Search code examples
creaddir

How does readdir return a pointer to information for the NEXT file?


I'm learning C. so I'm just kinda confused about the function readdir. In the book K&R, the function dirwalk includes the following

while ((dp = readdir(dfd)) != NULL){
  if (strcmp(dp->name, ".") == 0
//...code...

Based on my understanding, each time the whileloop is passed, dp (directory entry) is advanced one step, so next directory entry (which is associated with a file) can be processed (while dp != NULL)

My question is: How doesreaddir return a new directory entry each time it's called? Where does it show that? Please don't use too much jargon as I just started learning about this. Here's the code for readdir. Thanks.

#include <sys/dir.h>
Dirent *readdir(DIR *dp)
{
  struct direct dirbuf; \* local directory structure *\
  static Dirent d;
  while (read(dp->fd, (char *) &dirbuf, sizeof(dirbuf))
  == sizeof(dirbuf)) {
    if (dirbuf.d_ino == 0) \* slot not in use *\
      continue;
    d.ino = dirbuf.d_ino;
    strncpy(d.name, dirbuf.d_name, DIRSIZ);
    d.name[DIRSIZ] = '\0'; \* ensure termination *\
    return &d;
  }
  return NULL;
}

Solution

  • First, this is not the code that the POSIX readdir would use on any relevant operating system...
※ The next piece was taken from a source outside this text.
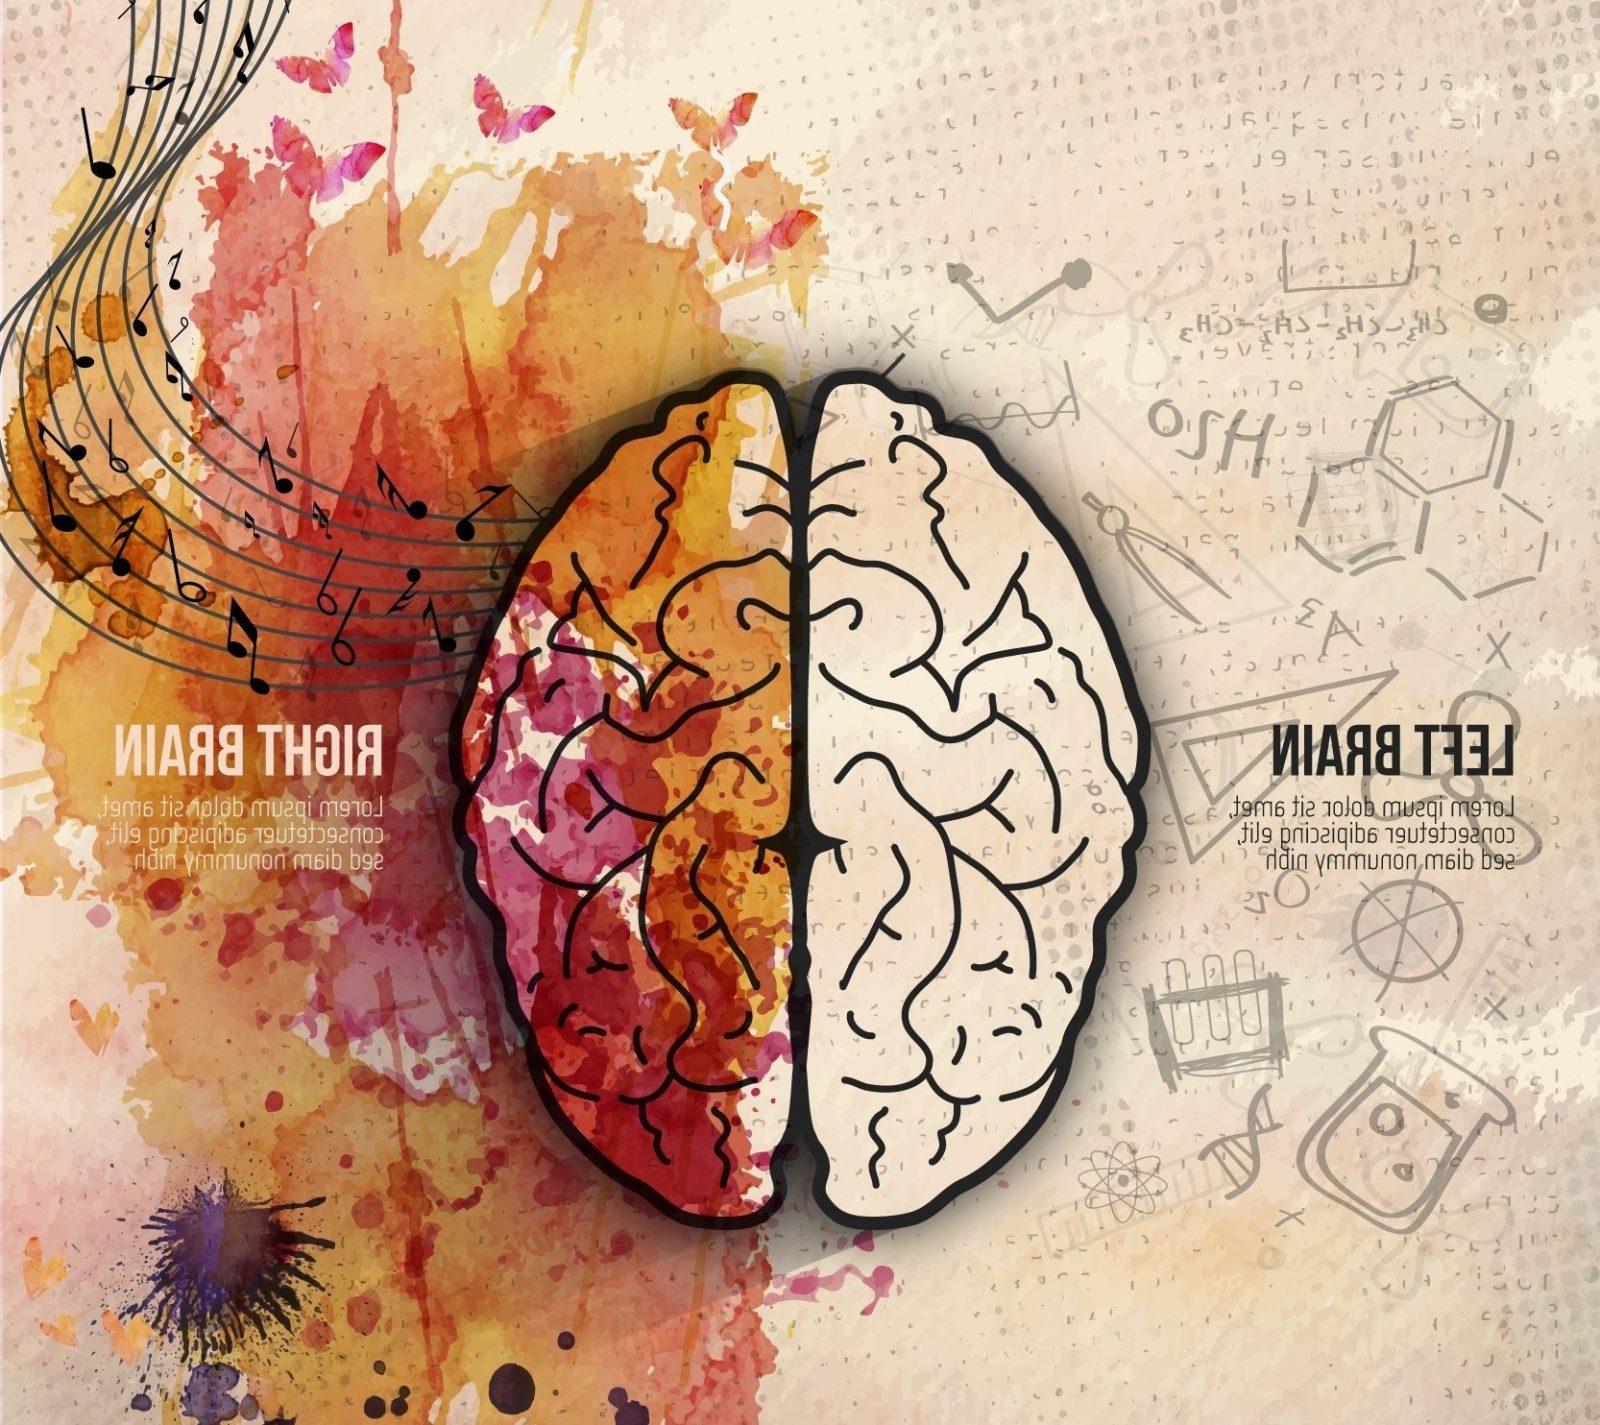 cerveau-mieux-jouer-en-public

    How the code works is really simple, assuming that you know how files work. A directory on the UNIX systems is just as readable a file as any other file would be - a directory would appear as if a binary file of directory records - in this implementation the dirbuf structure is one record in a directory. Therefore reading sizeof dirbuf bytes from the file descriptor gives you a next entry from the directory - the filename and its associated inode number.

    If a file is deleted an entry might be marked unused by setting the inode number to 0, and it is skipped by the code.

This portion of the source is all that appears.